● How to complete this task: Exactly as they appear below, repeat the lines from the one with "Rocanotherworld logo" through the one with "Johnny Cage treba". Drop every picture.

● Records for processing:
━━━━━━━━━━━━━━━━

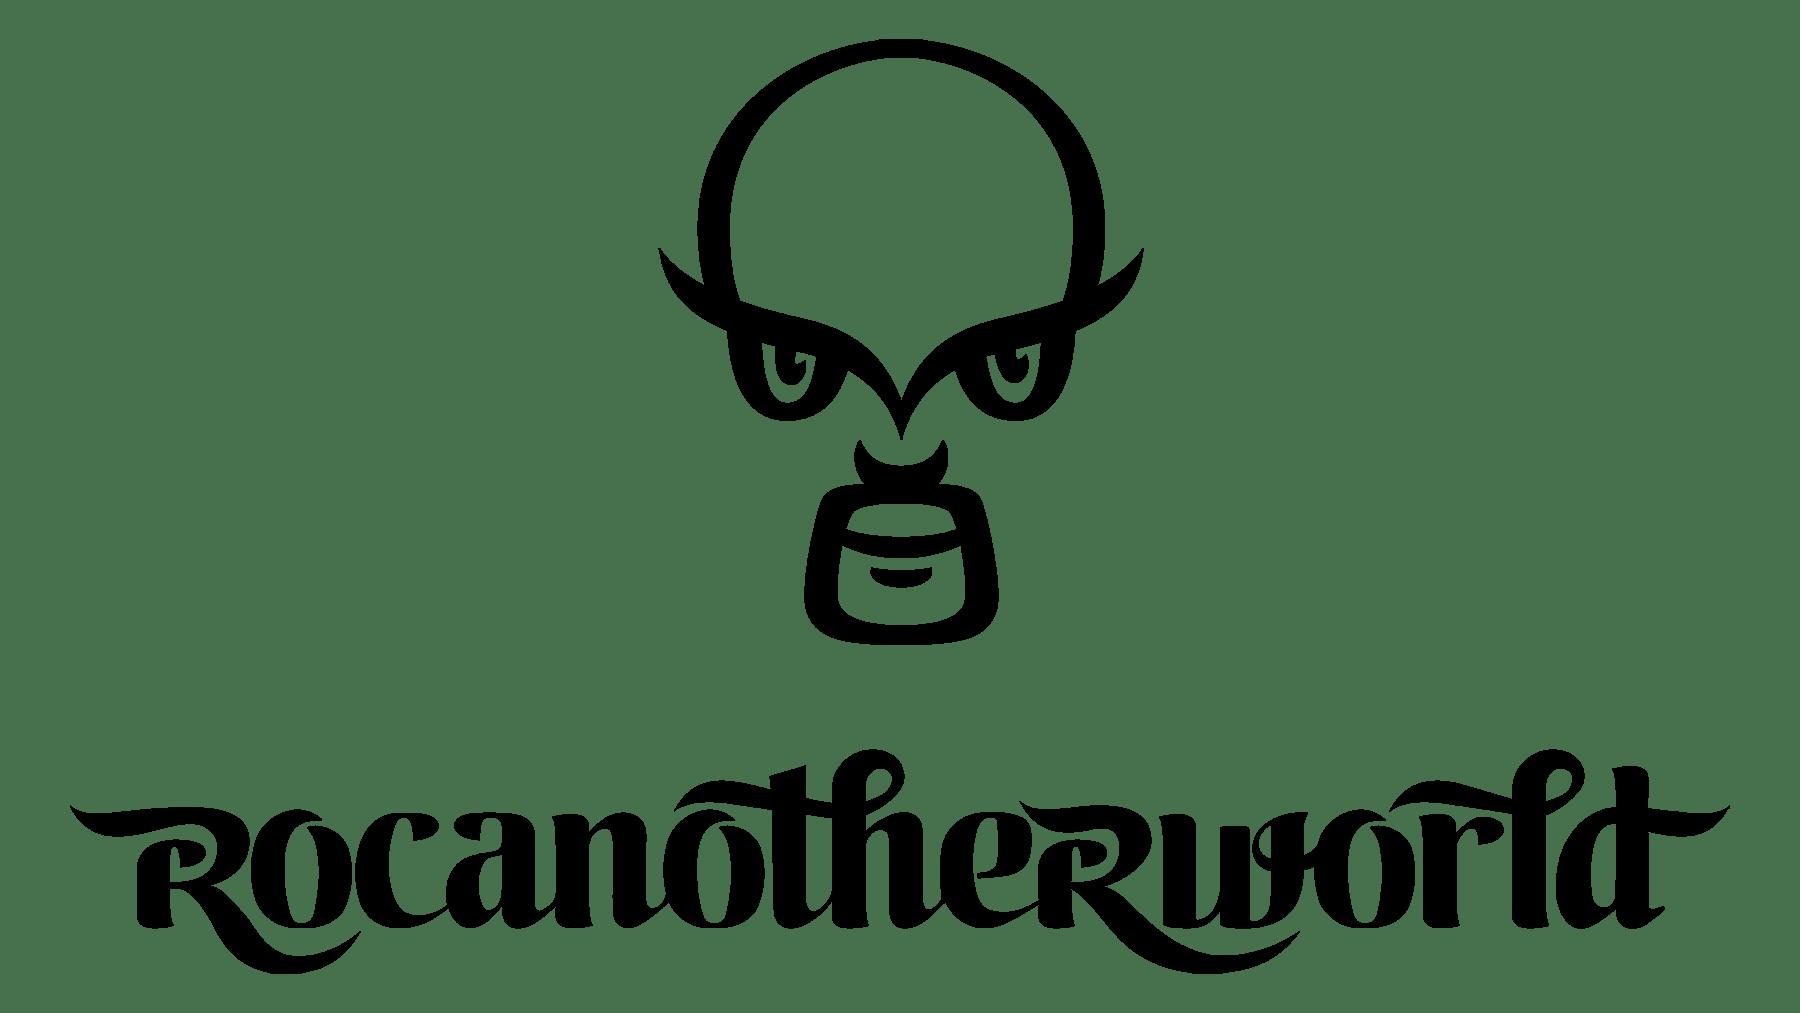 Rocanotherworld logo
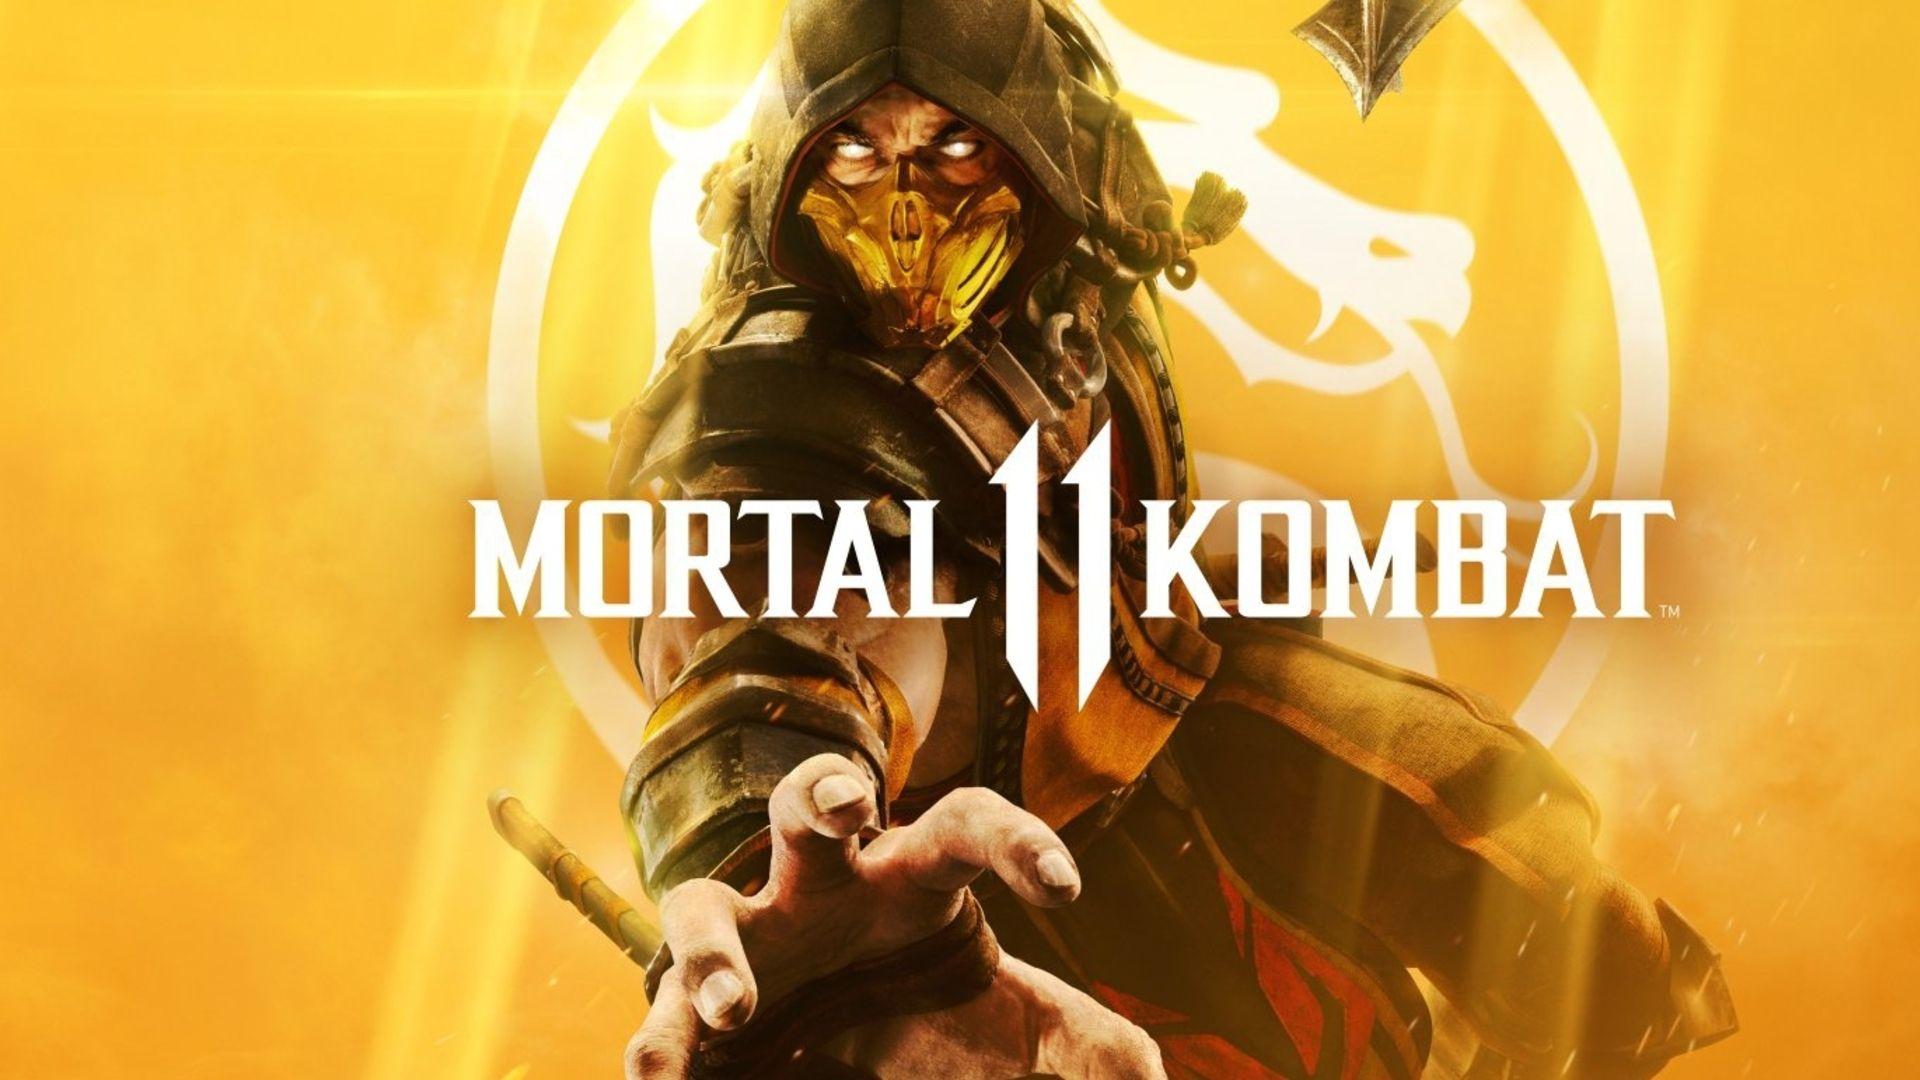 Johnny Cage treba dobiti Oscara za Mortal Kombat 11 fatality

━━━━━━━━━━━━━━━━

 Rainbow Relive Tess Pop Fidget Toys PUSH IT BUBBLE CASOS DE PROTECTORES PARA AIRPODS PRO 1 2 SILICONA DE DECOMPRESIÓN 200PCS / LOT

━━━━━━━━━━━━━━━━

● Exercise result:
 Rocanotherworld logo
 Johnny Cage treba dobiti Oscara za Mortal Kombat 11 fatality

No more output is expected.